Book Data Driven Models Applied in Building Load Forecasting for Residential and Commercial Buildings

Download or read book Data Driven Models Applied in Building Load Forecasting for Residential and Commercial Buildings written by SM Mahbobur Rahman and published by . This book was released on 2015 with total page 98 pages. Available in PDF, EPUB and Kindle. Book excerpt: A significant portion of the operating costs of utilities comes from energy production. Machine learning methods are widely used for short-term load forecasts for commercial buildings and also the utility grid. These forecasts are used to minimize unit power production costs for the energy managers for better planning of power units and load management. In this work, three different state-of-art machine learning methods i.e. Artificial Neural Network, Support Vector Regression and Gaussian Process Regression are applied in hour ahead and 24 –hour ahead building energy forecasting.
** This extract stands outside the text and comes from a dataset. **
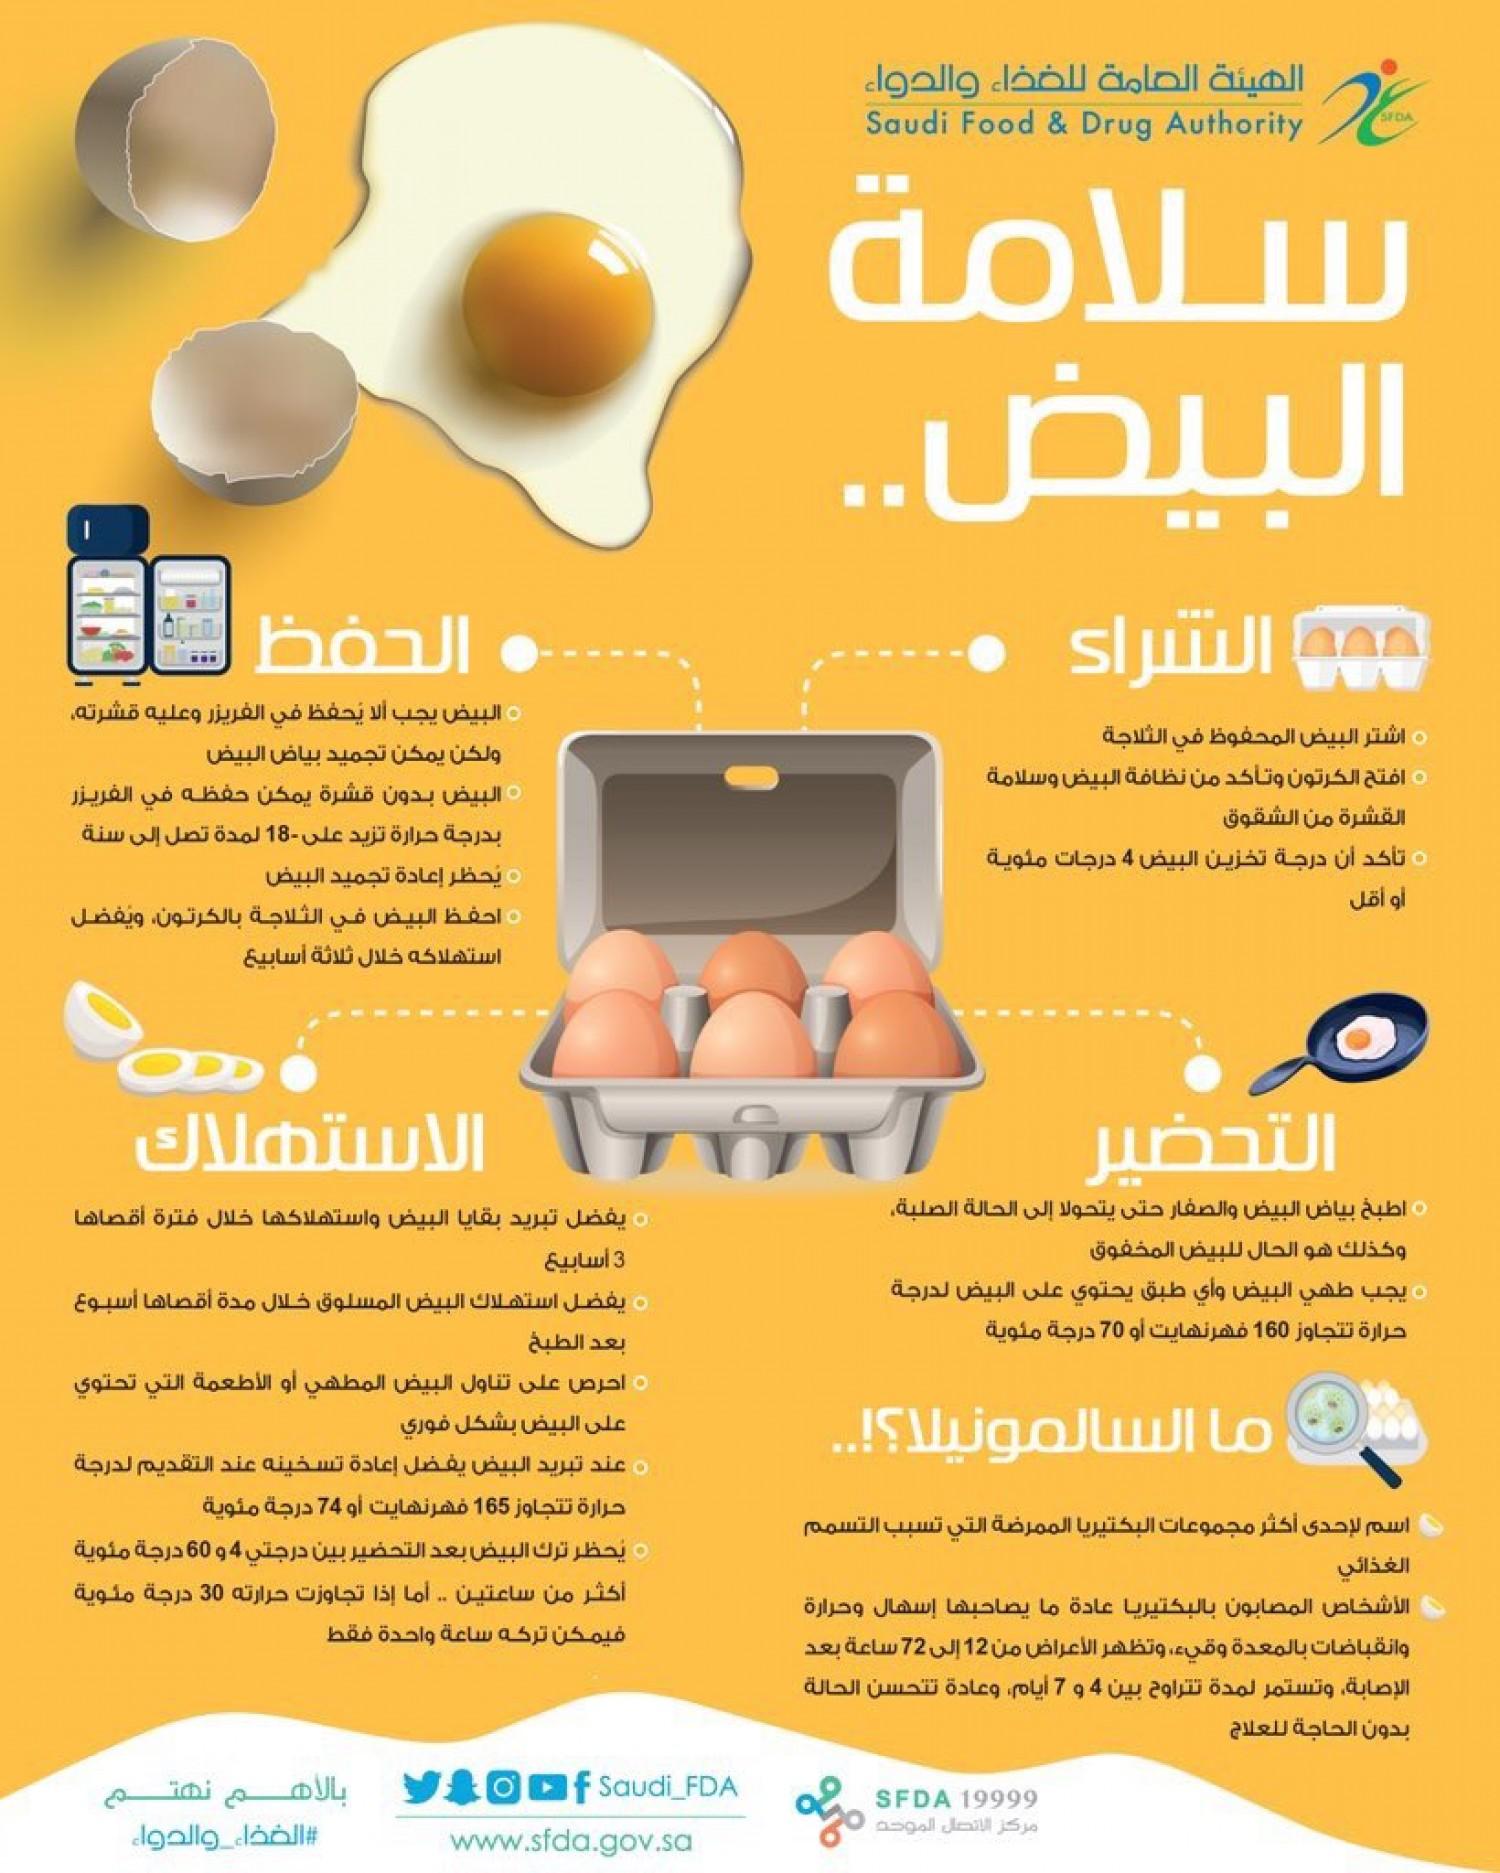 بالإنفوجرافيك.. «الغذاء والدواء» تقدم نصائح مهمة لتخزين البيض وطهيه

The work uses four residential buildings and one commercial building located in Downtown, San Antonio as test-bed using energy consumption data from those buildings monitored in real-time. Uncertainty quantification analysis is conducted to understand the confidence in each forecast using Bayesian Network. Using a combination of weather variables and historical load, forecasting is done in a supervised way based on a moving window training algorithm. A range of comparisons between different forecasting models in terms of relative accuracy are then presented.